--- Provided material ---
......

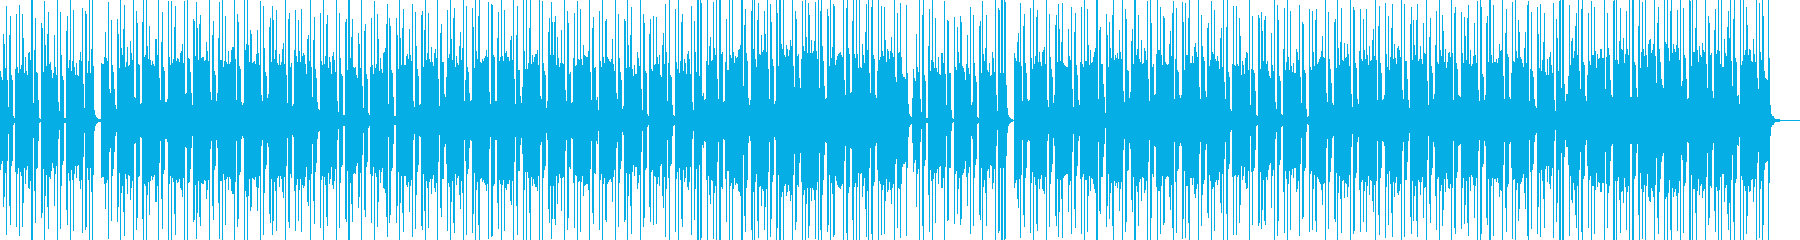 波に揺れるようなゆったりゆるいBGMの再生済みの波形
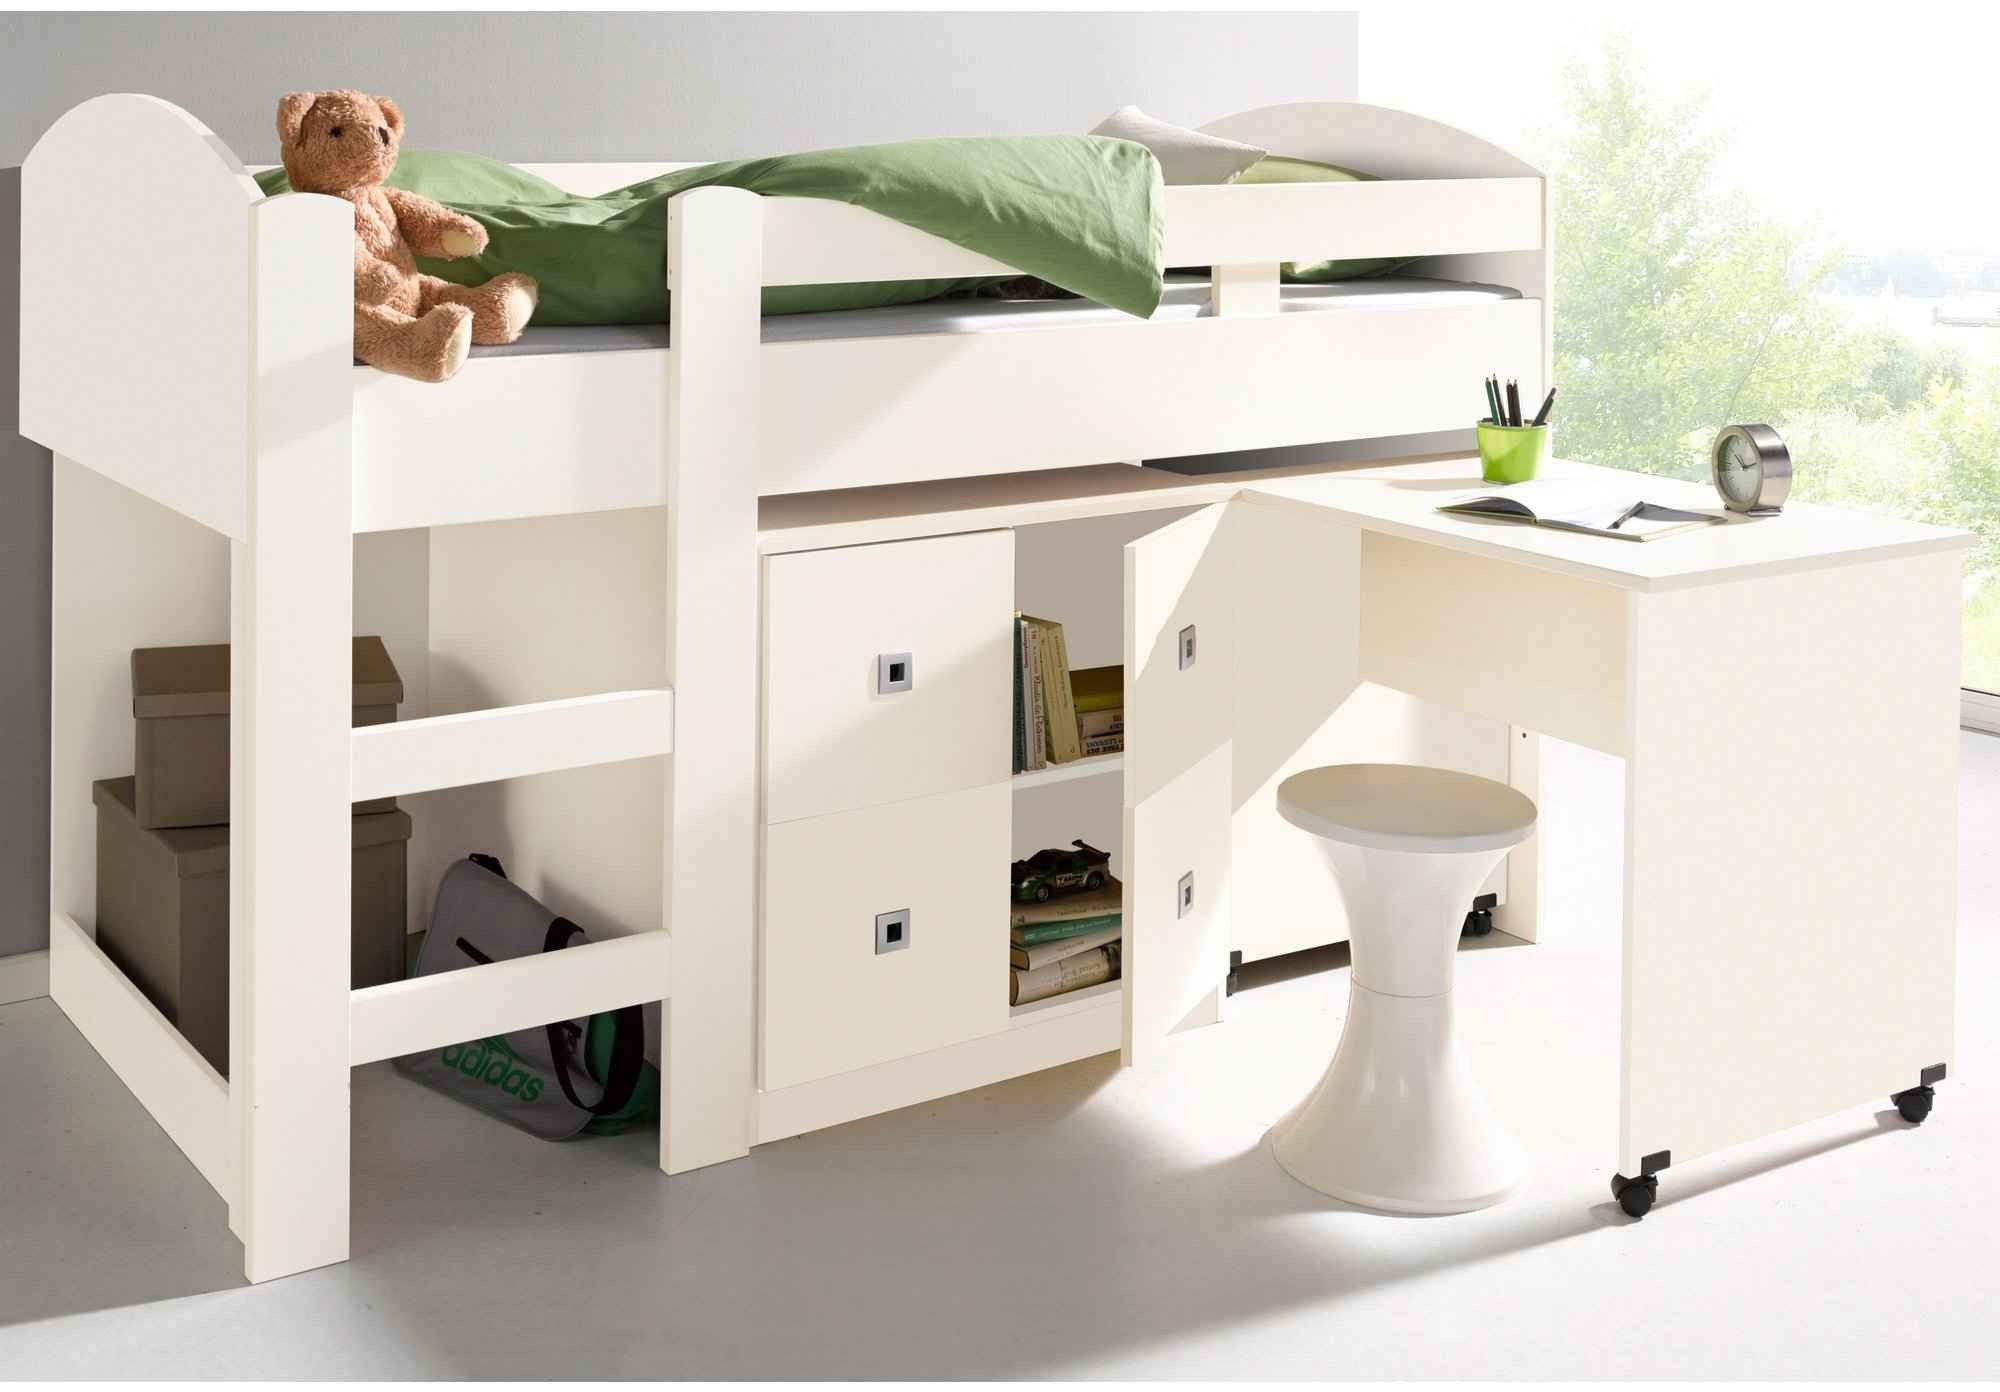 Lit Superposé original Bel Chambre Enfant Lit Superposé Kidsfurniturefarm
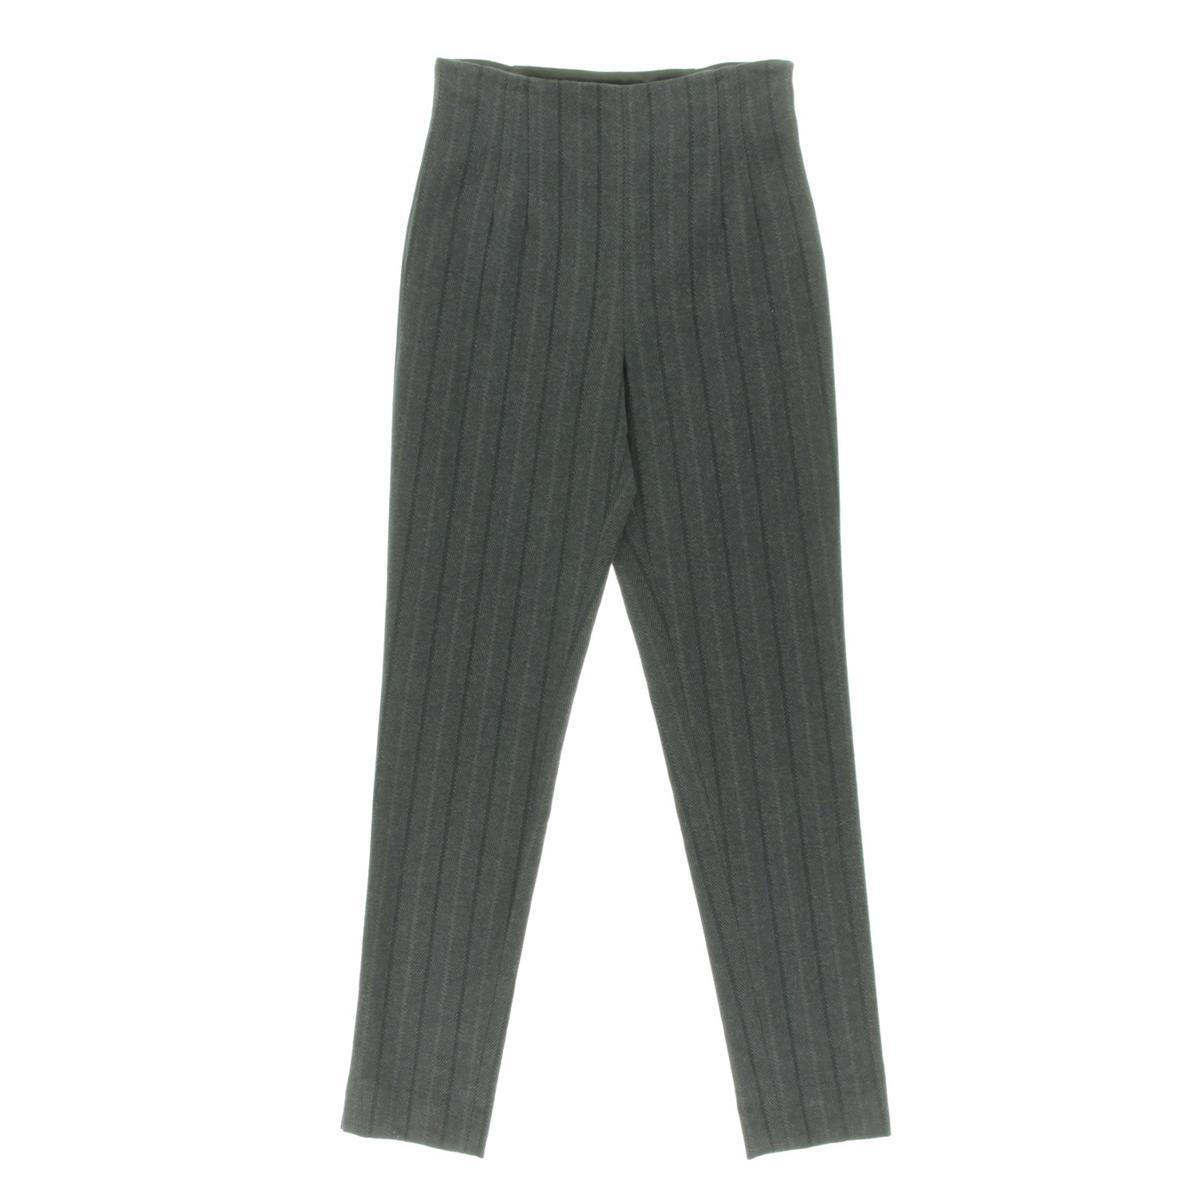 Catherine Malandrino Womens Gray Wool Blend Skinny Leg Dress Pants Size 4

......

--- Goal of the exercise ---
What is needed is an exact copy of every line from the one with "Lit Superposé original" to the end of the listing above, with the pictures left out.

--- Result ---
 Lit Superposé original Bel Chambre Enfant Lit Superposé Kidsfurniturefarm
 Catherine Malandrino Womens Gray Wool Blend Skinny Leg Dress Pants Size 4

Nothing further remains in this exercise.